When they passed the Red Sea, Miriam and the maidens danced in chorus with singing and the beating of the timbrel (tambour). (Exodus xv. v. 1.)

Fig. 7: Female figure smelling a lotus. From a painting in the British Museum.

King David not only danced before the ark (2 Samuel vi. v. 16), but mentions dancing in the 149th and 150th Psalm. Certain historians also tell us that they had dancing in their ritual of the seasons.
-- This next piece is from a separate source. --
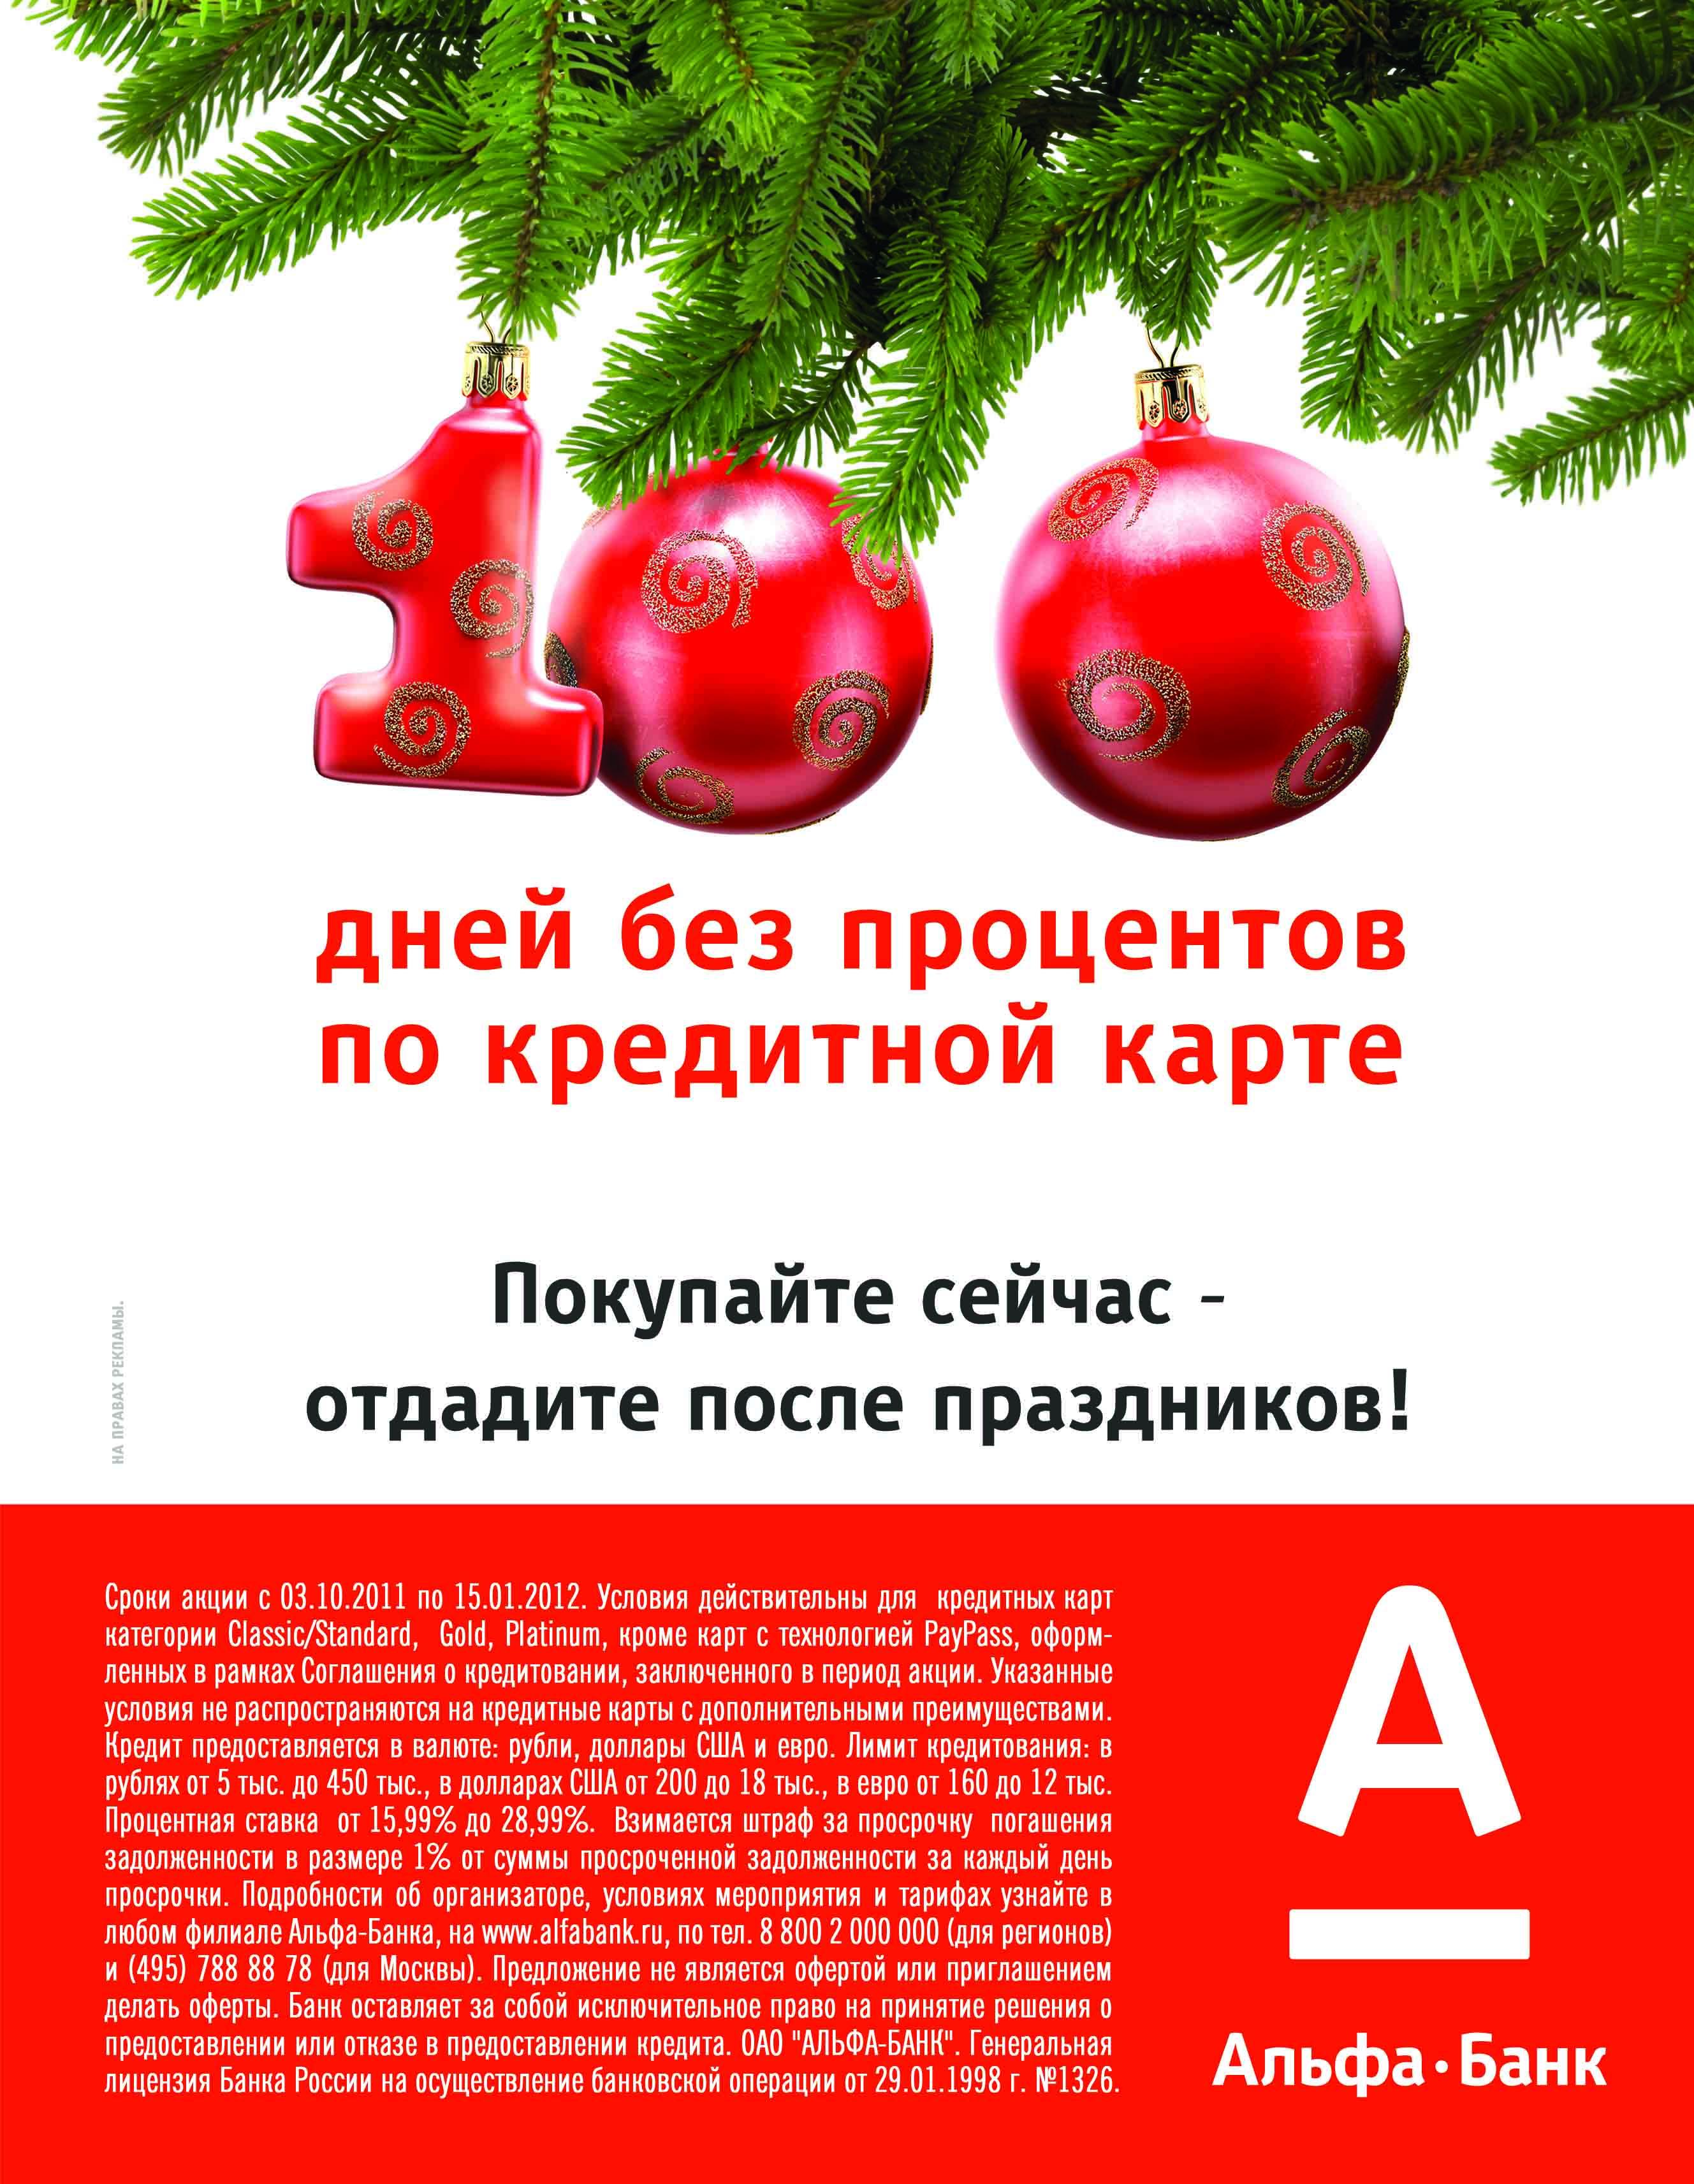 реклама кредитных организаций

Their dancing seems to have been associated with joy, as we read of "a time to mourn and a time to dance"; we find (Eccles. iii. v. 4) they had also the pipes: "We have piped to you and you have not danced" (Matthew xi. v. 17). These dances were evidently executed by the peoples themselves, and not by public performers.
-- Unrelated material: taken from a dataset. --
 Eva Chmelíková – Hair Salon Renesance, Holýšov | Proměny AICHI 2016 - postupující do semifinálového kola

Fig. 8: Dance of Bacchantes, painted by the ceramic painter, Hieron. (British Museum.)

FOOTNOTES

[Footnote 1]: Egyptian music appears to have been of a complicated character and the double pipe or flutes were probably reeded, as with our clarionet. The left pipe had few stops and served as a sort of hautboy; the right had many stops and was higher. The single pipe, (a) "The recorder" in the British Museum, is a treble of 10-1/2 in. and is pentaphonic, like the Scotch scale; the tenor (b) is 8-3/4 in. long and its present pitch—

[Footnote 2]: Vol. i., p. 503-8.

[Footnote 3]: There is a picture of an Egyptian gauffering machine in Wilkinson, vol. i., p. 185.